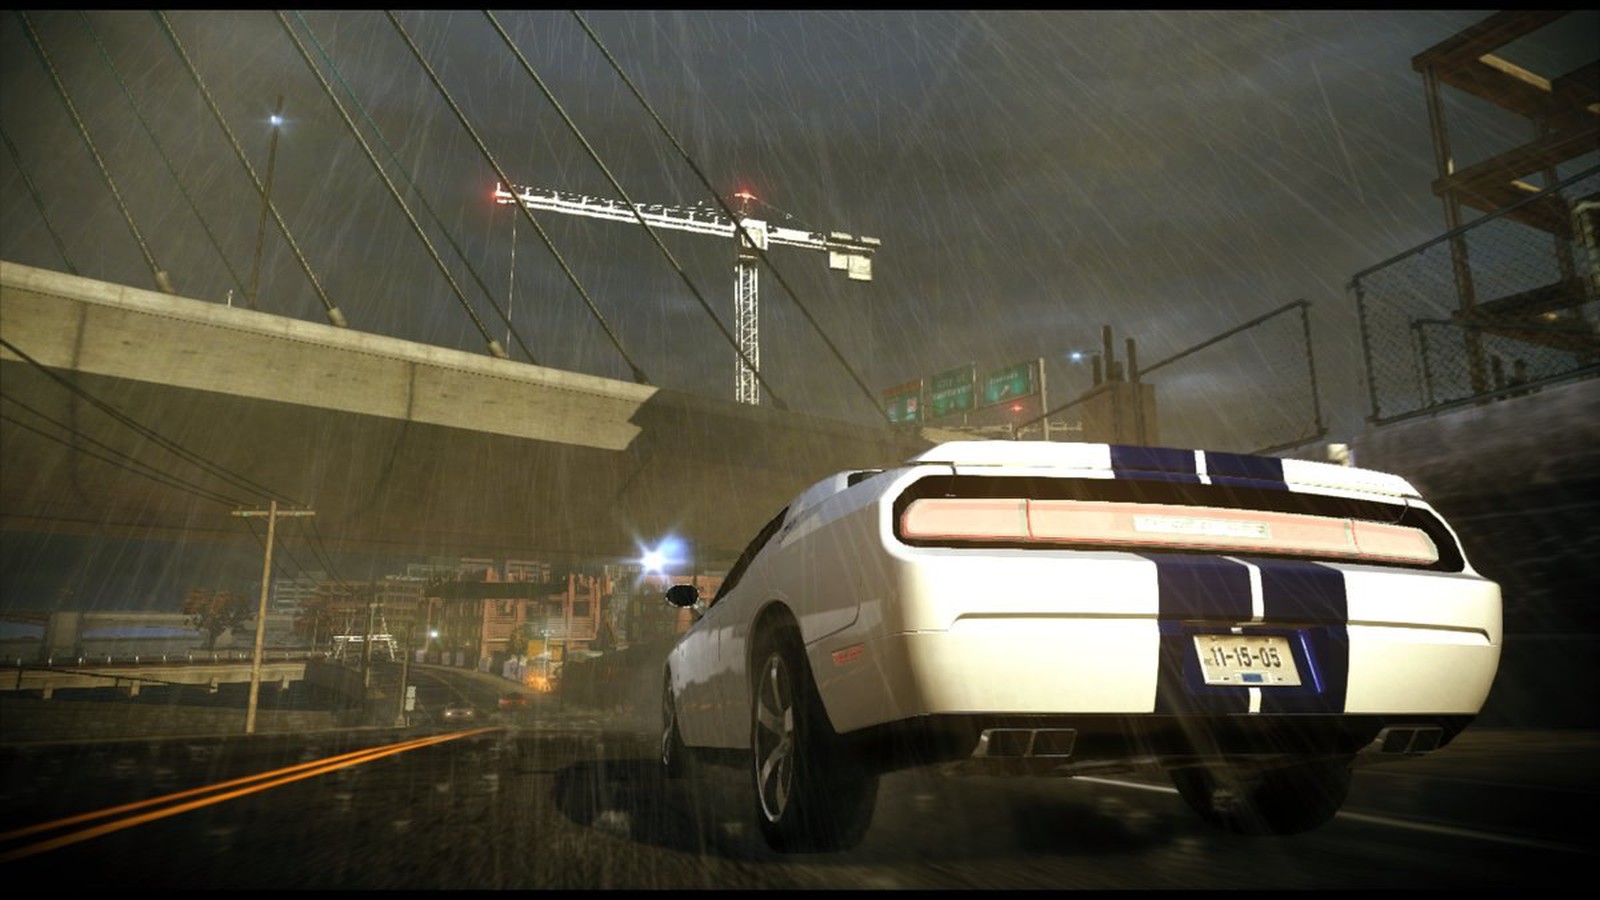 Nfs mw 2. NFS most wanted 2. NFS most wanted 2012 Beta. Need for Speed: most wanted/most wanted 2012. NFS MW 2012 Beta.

+ + + + + + +

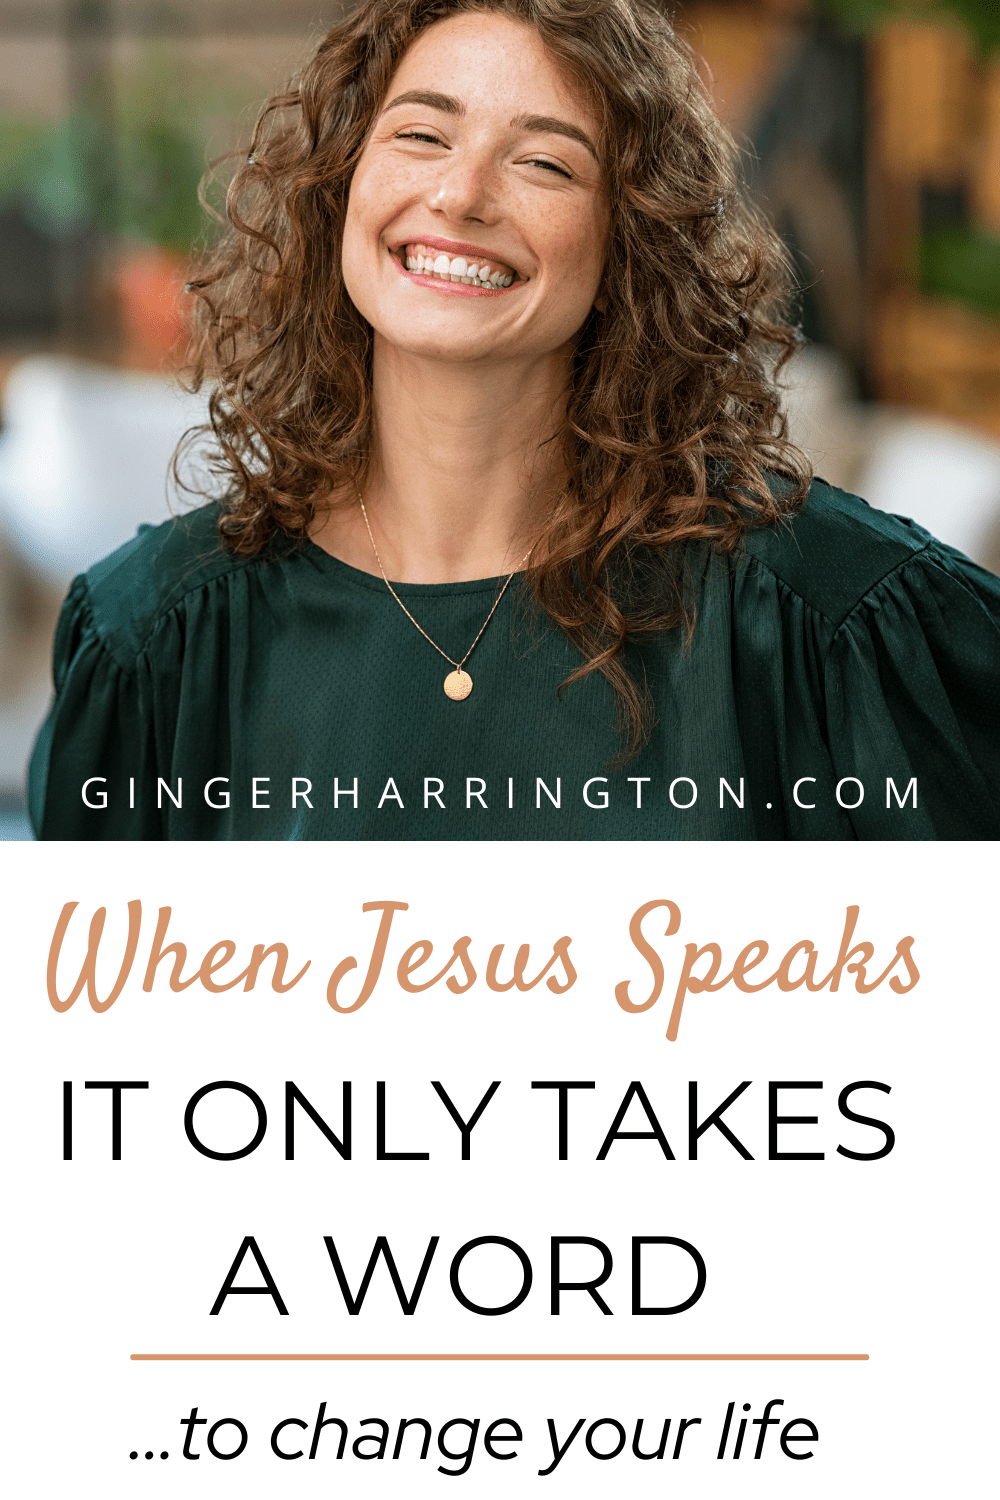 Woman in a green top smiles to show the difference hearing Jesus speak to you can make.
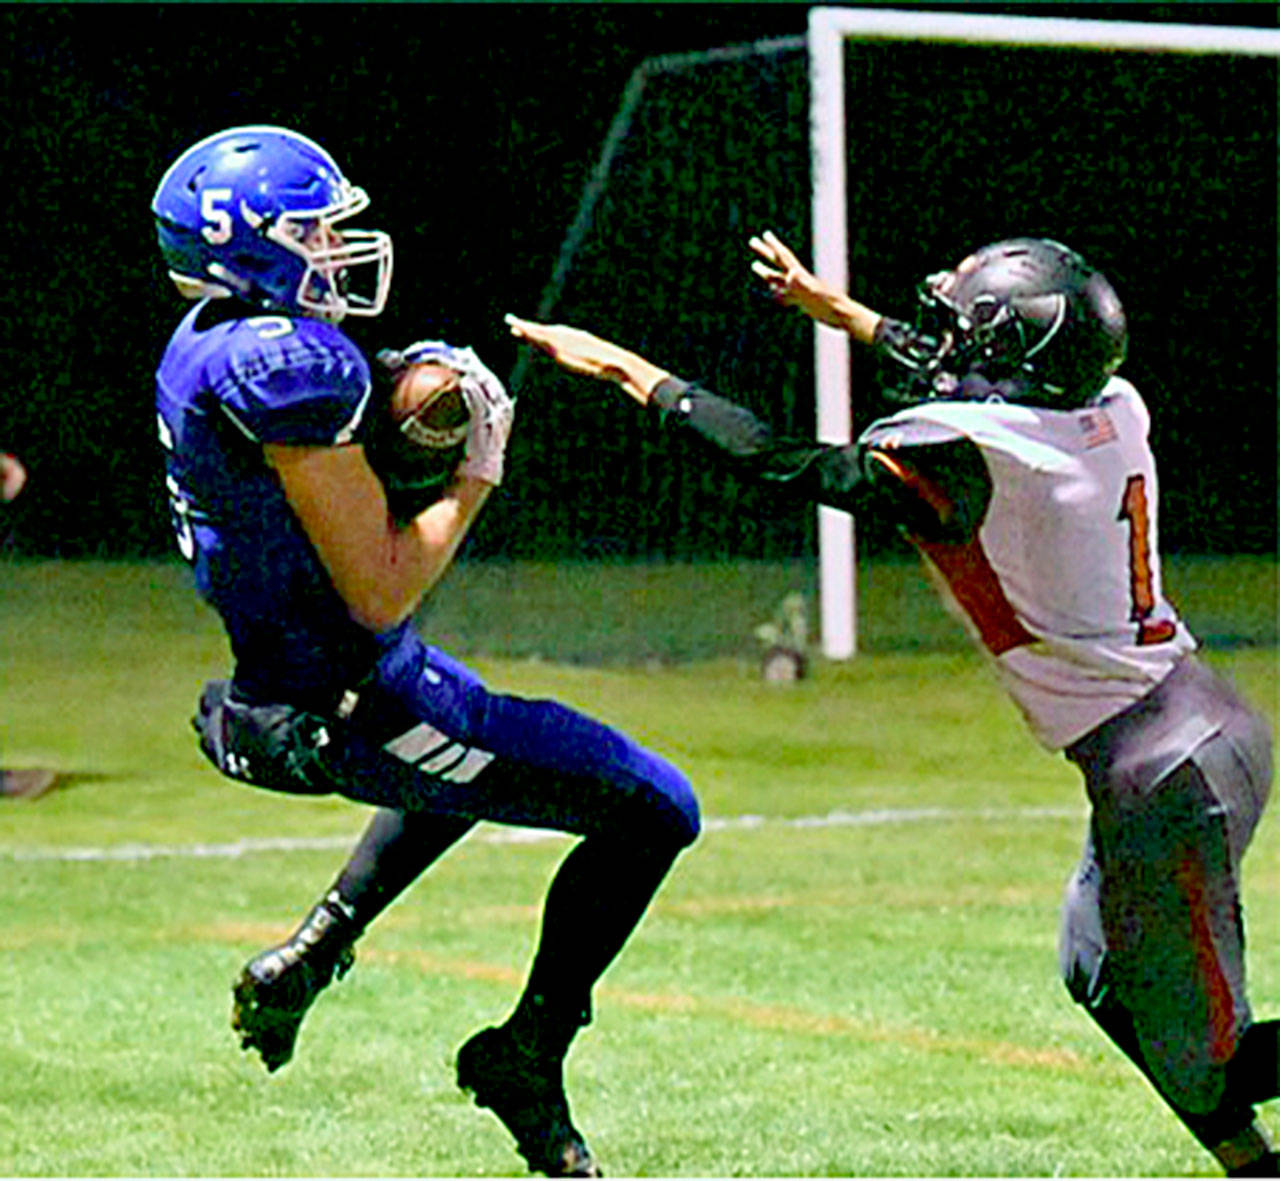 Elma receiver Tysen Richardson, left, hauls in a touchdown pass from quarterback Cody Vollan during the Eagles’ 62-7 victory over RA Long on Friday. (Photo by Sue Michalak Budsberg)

+ + + + + + +

Task description
Starting at the line containing "Woman in a green" and stopping at the line containing "Elma receiver Tysen", output every line above exactly, both ends included, with pictures omitted.

Output of the exercise
 Woman in a green top smiles to show the difference hearing Jesus speak to you can make.
 Elma receiver Tysen Richardson, left, hauls in a touchdown pass from quarterback Cody Vollan during the Eagles’ 62-7 victory over RA Long on Friday. (Photo by Sue Michalak Budsberg)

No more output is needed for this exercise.